Directions for the data below: repeat exactly the lines from the one with "WDTAU_105648 AEOS Wk34" through the one with "Beskrajne mudrosti - Pinterest", both included, and omit all pictures.

### Records shown
──────────────────────────────
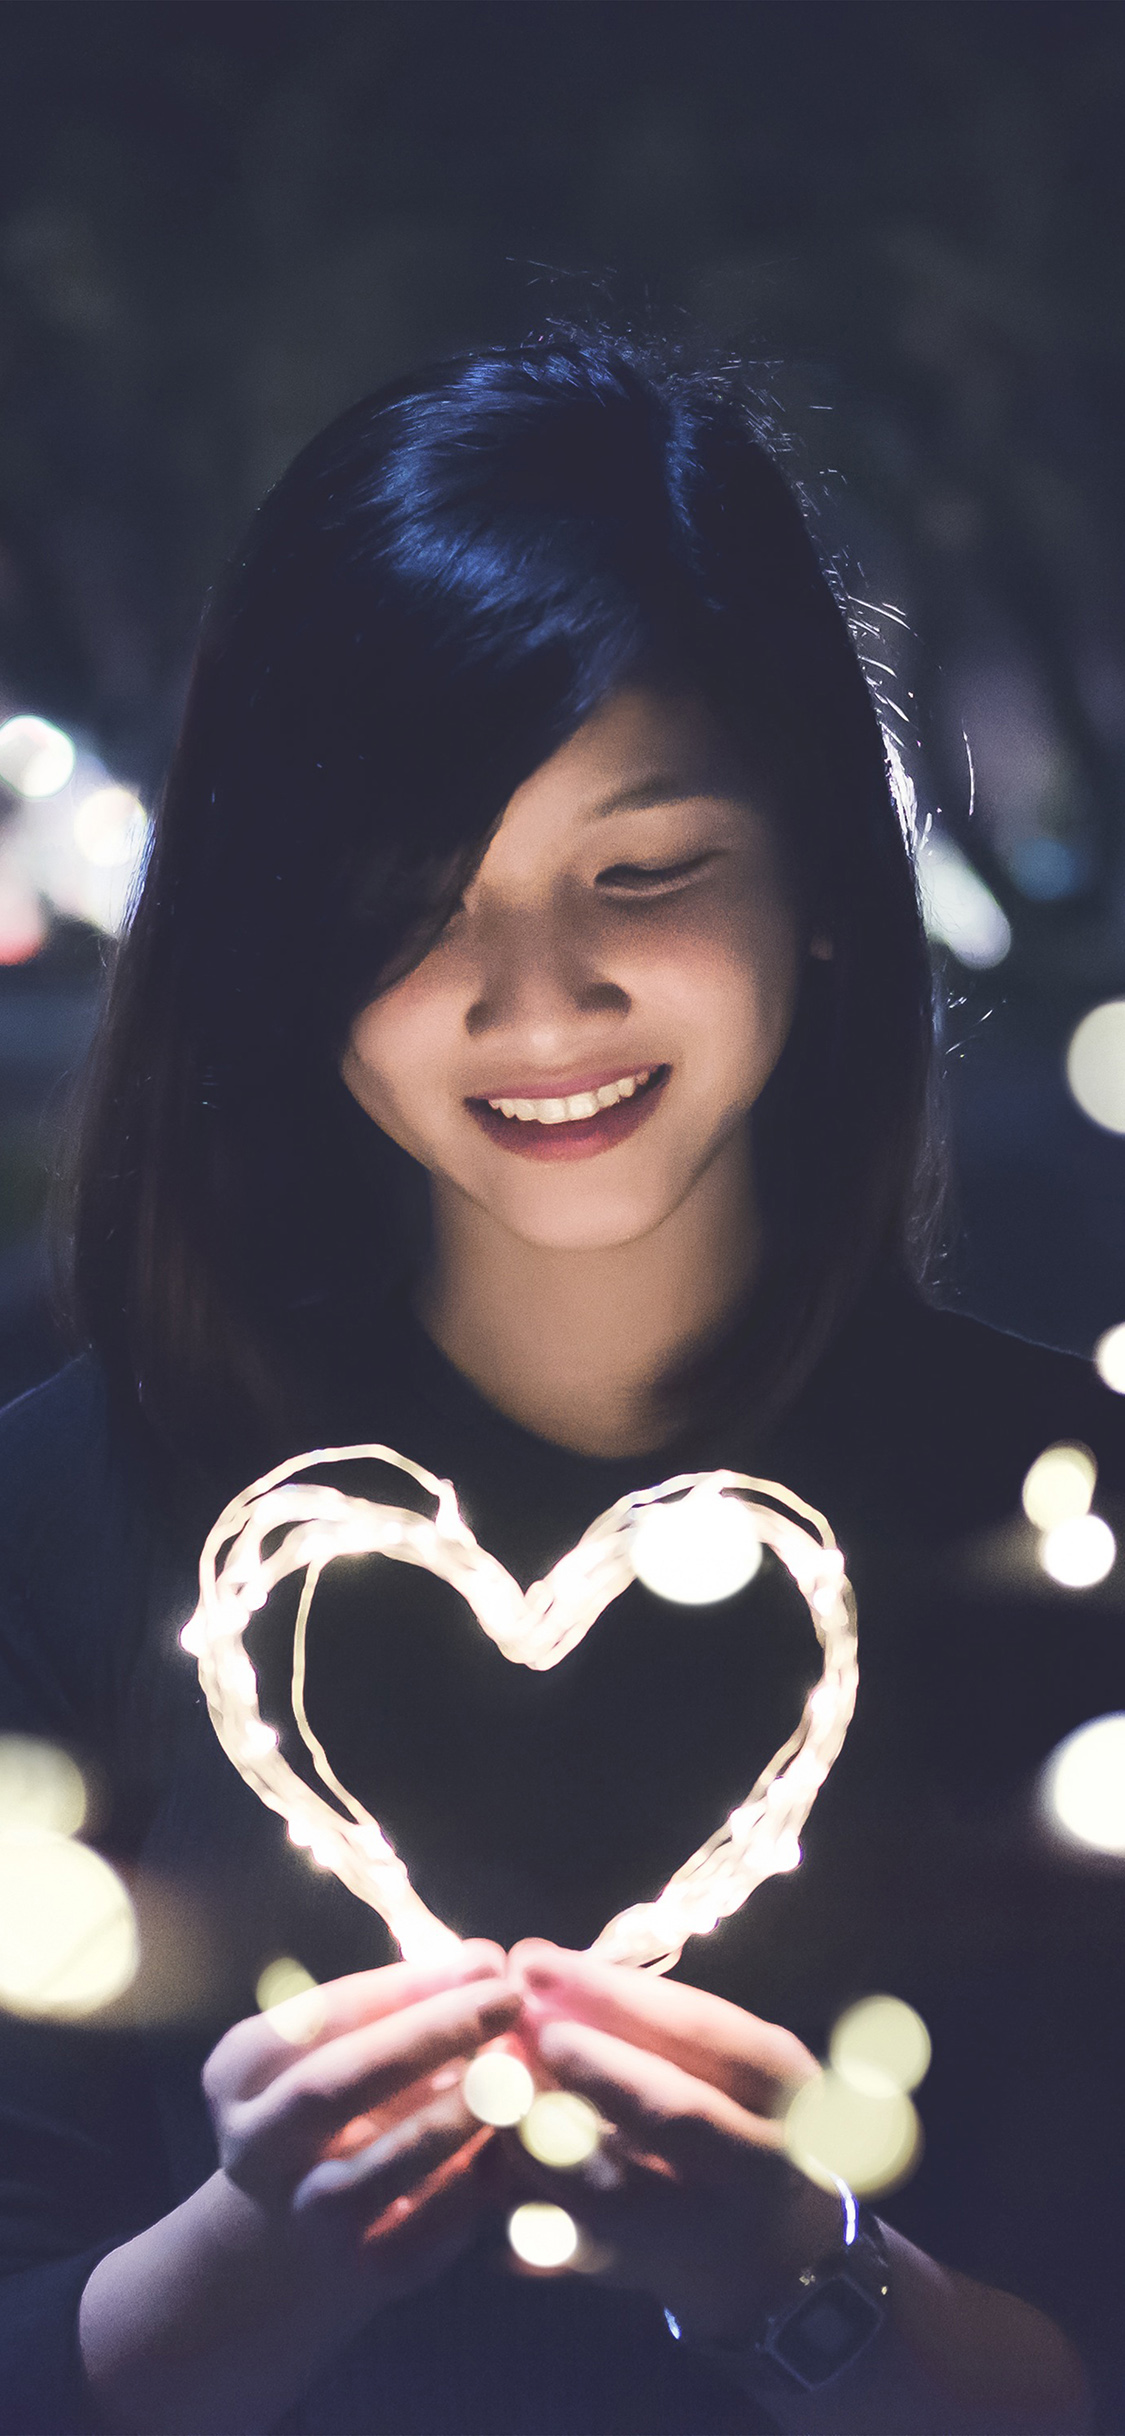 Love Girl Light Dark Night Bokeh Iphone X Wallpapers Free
──────────────────────────────
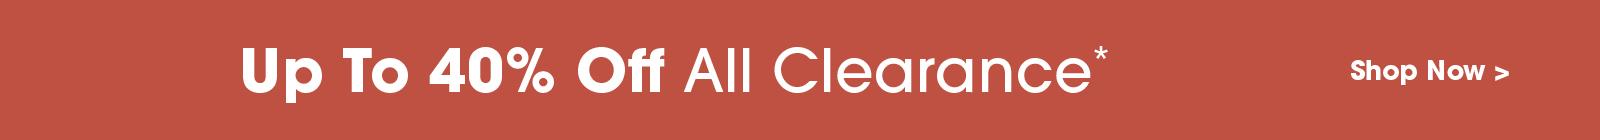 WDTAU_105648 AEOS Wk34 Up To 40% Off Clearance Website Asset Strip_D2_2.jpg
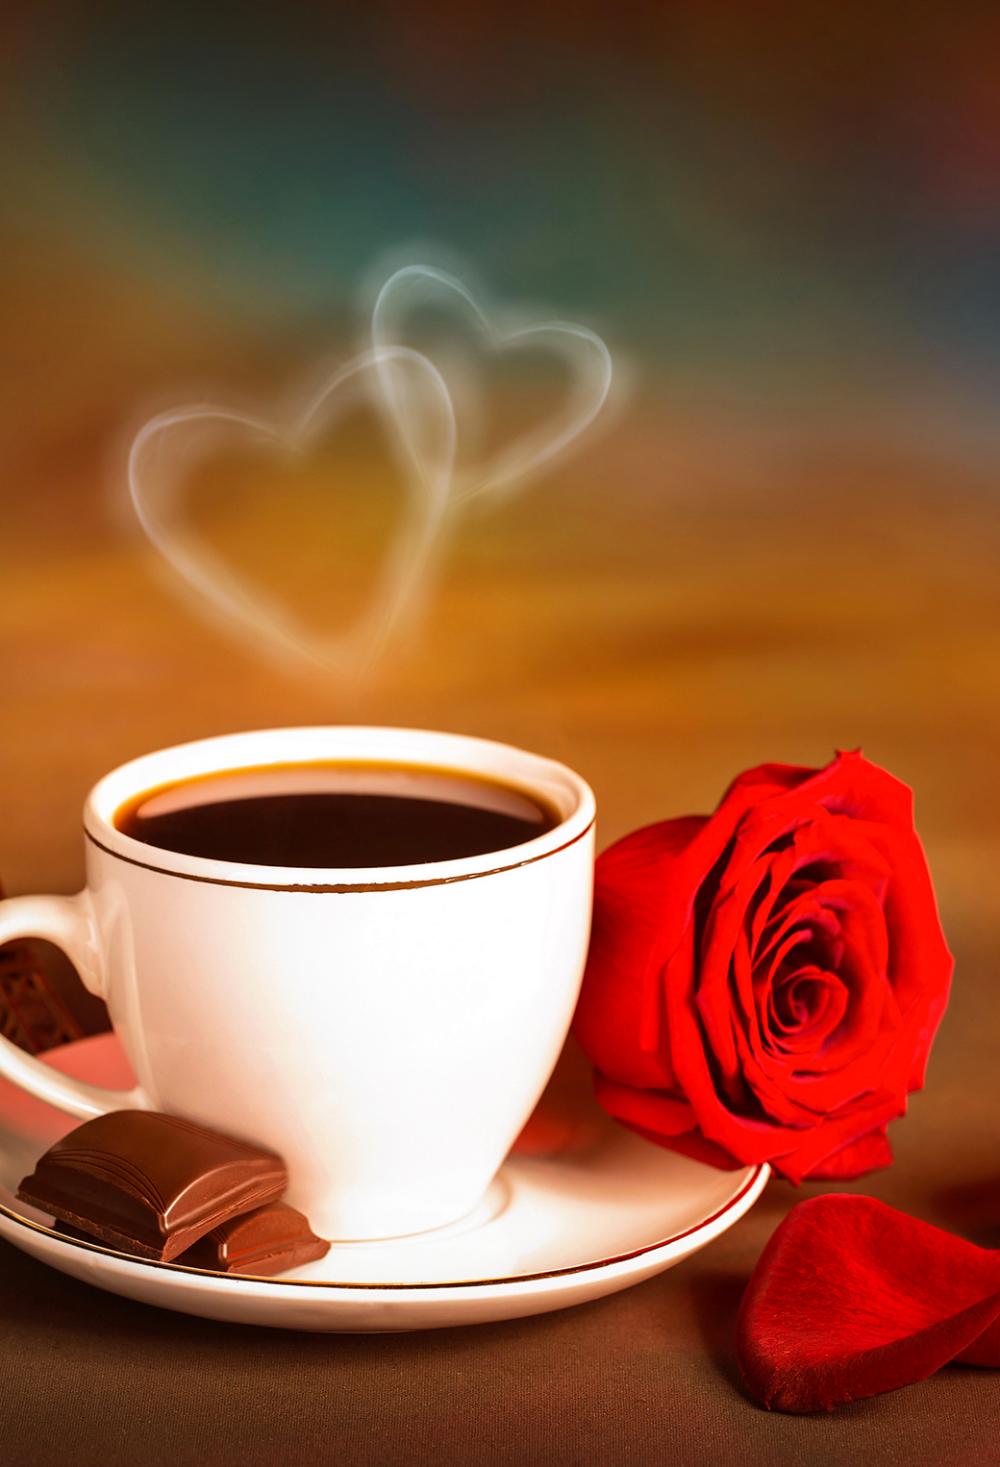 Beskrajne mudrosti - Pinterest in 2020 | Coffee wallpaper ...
──────────────────────────────
### Response box
 WDTAU_105648 AEOS Wk34 Up To 40% Off Clearance Website Asset Strip_D2_2.jpg
 Beskrajne mudrosti - Pinterest in 2020 | Coffee wallpaper ...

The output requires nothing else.